** Opening STUDY MATERIAL block **

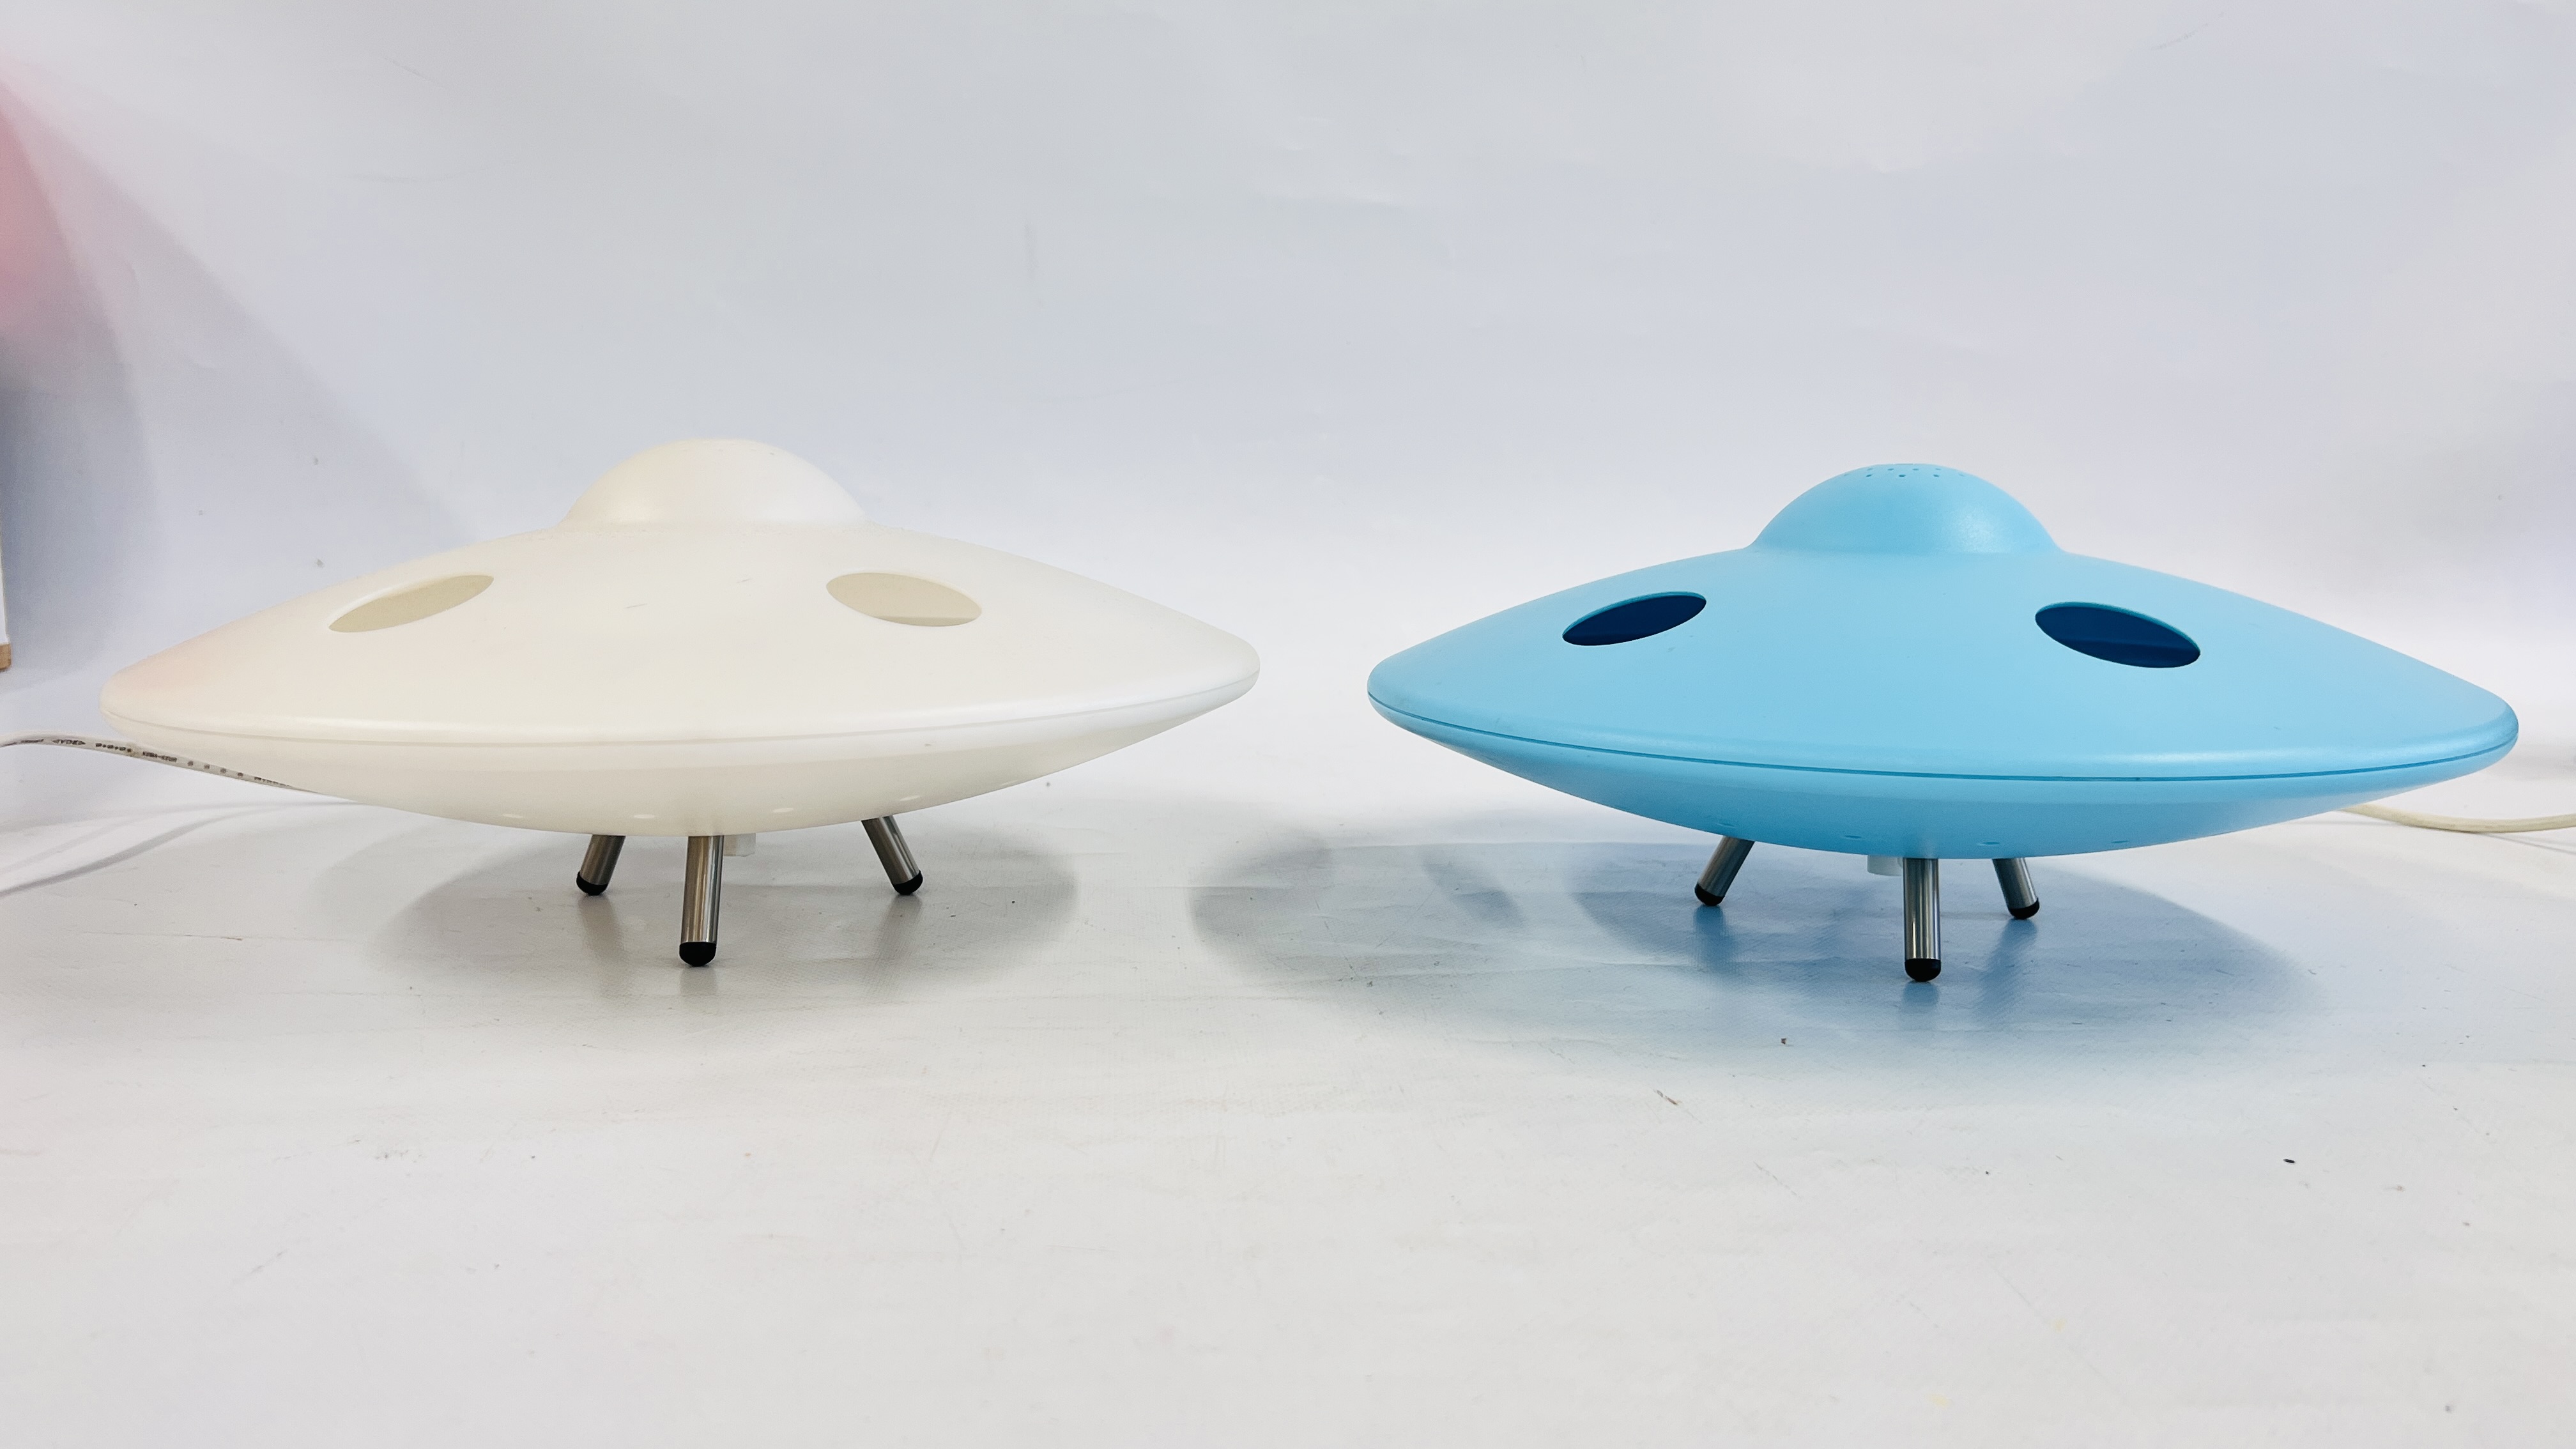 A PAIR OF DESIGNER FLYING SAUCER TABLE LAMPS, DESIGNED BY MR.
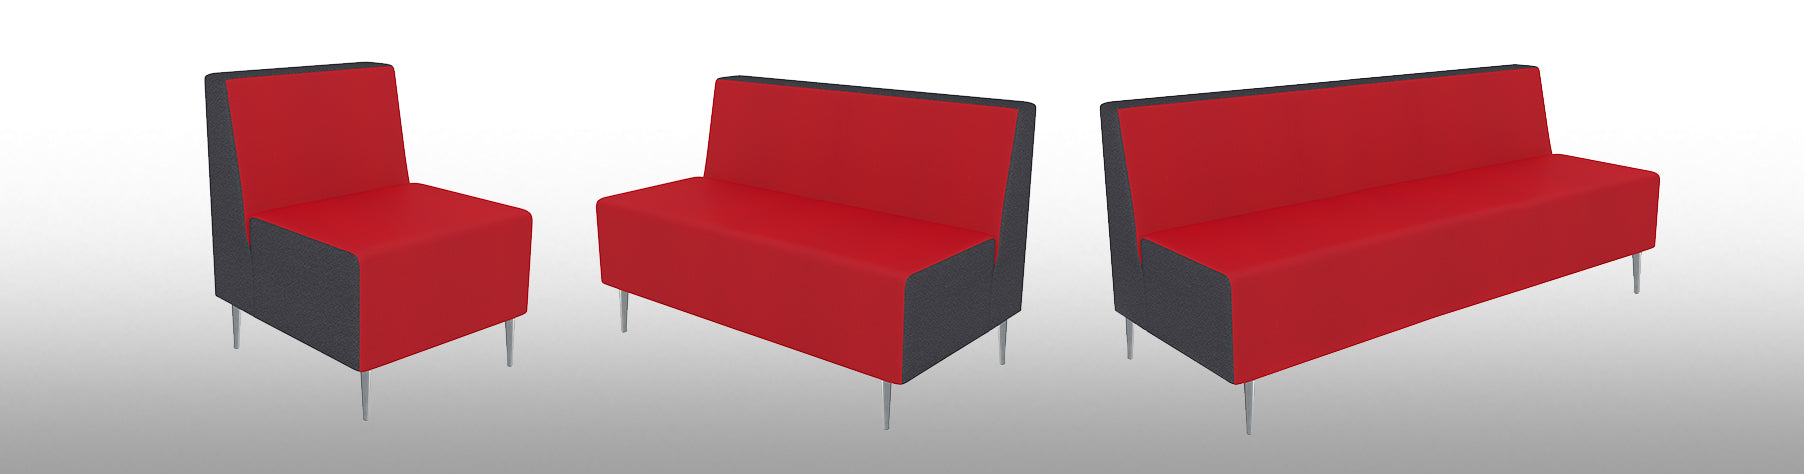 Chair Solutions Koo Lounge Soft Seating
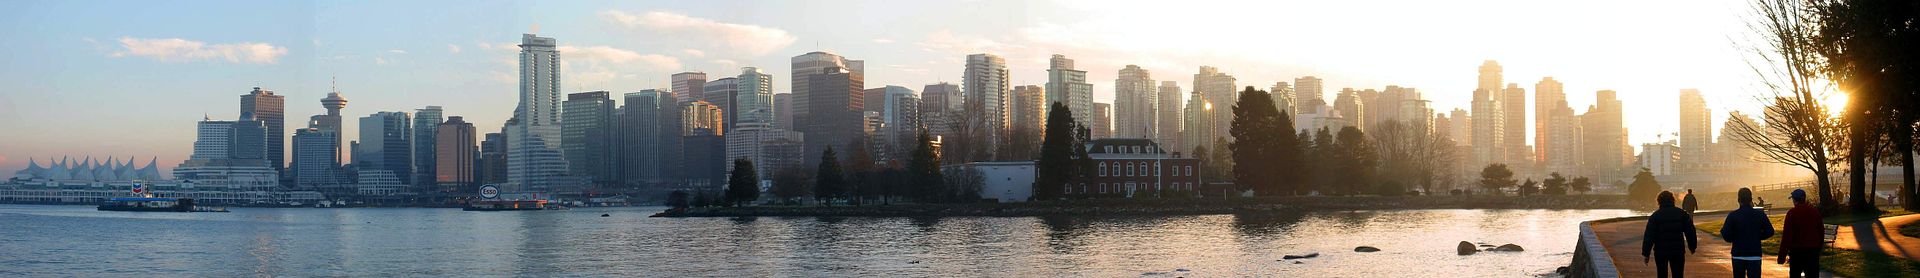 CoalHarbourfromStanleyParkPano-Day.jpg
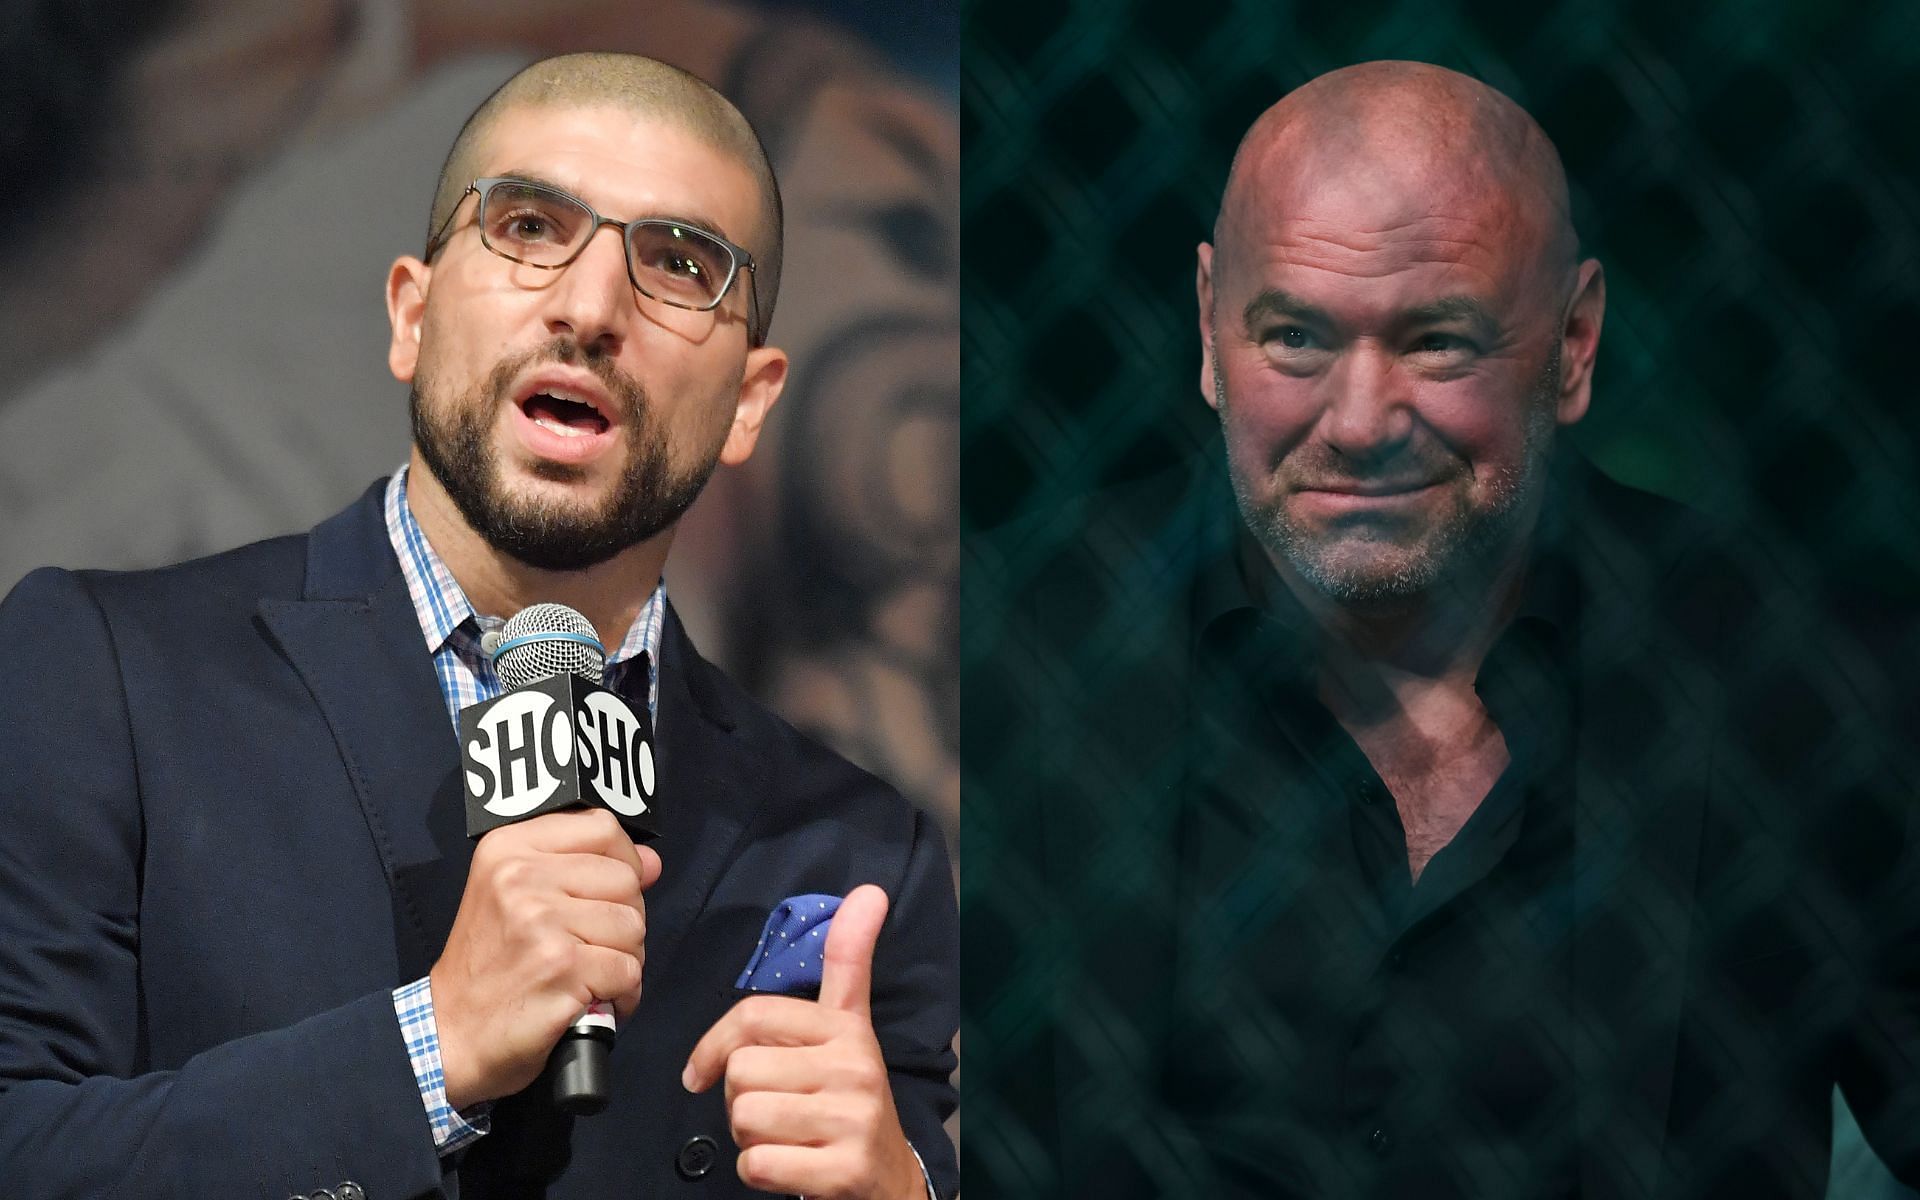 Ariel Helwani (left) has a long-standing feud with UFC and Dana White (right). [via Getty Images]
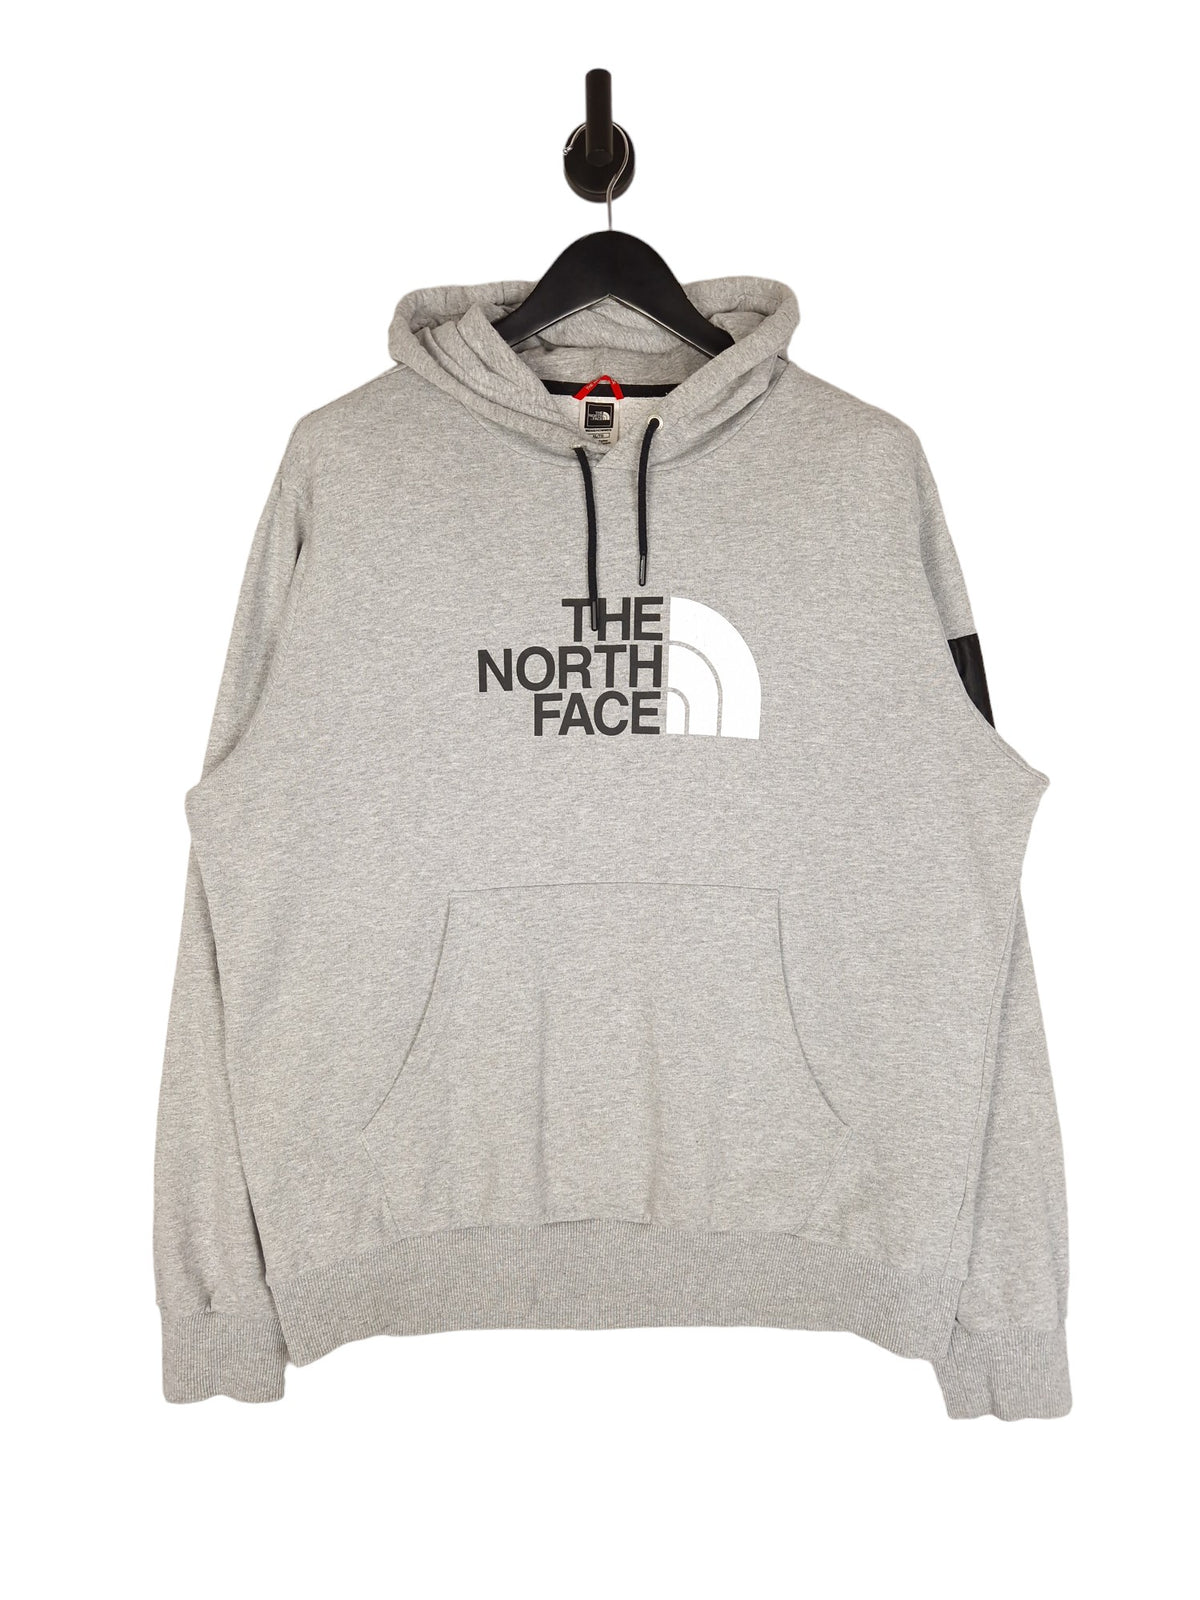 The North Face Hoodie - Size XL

** Closing STUDY MATERIAL block **

ACTIVITY
From the first line to the last, copy the records exactly and skip the pictures.

EXERCISE OUTPUT
 A PAIR OF DESIGNER FLYING SAUCER TABLE LAMPS, DESIGNED BY MR.
 Chair Solutions Koo Lounge Soft Seating
 CoalHarbourfromStanleyParkPano-Day.jpg
 Ariel Helwani (left) has a long-standing feud with UFC and Dana White (right). [via Getty Images]
 The North Face Hoodie - Size XL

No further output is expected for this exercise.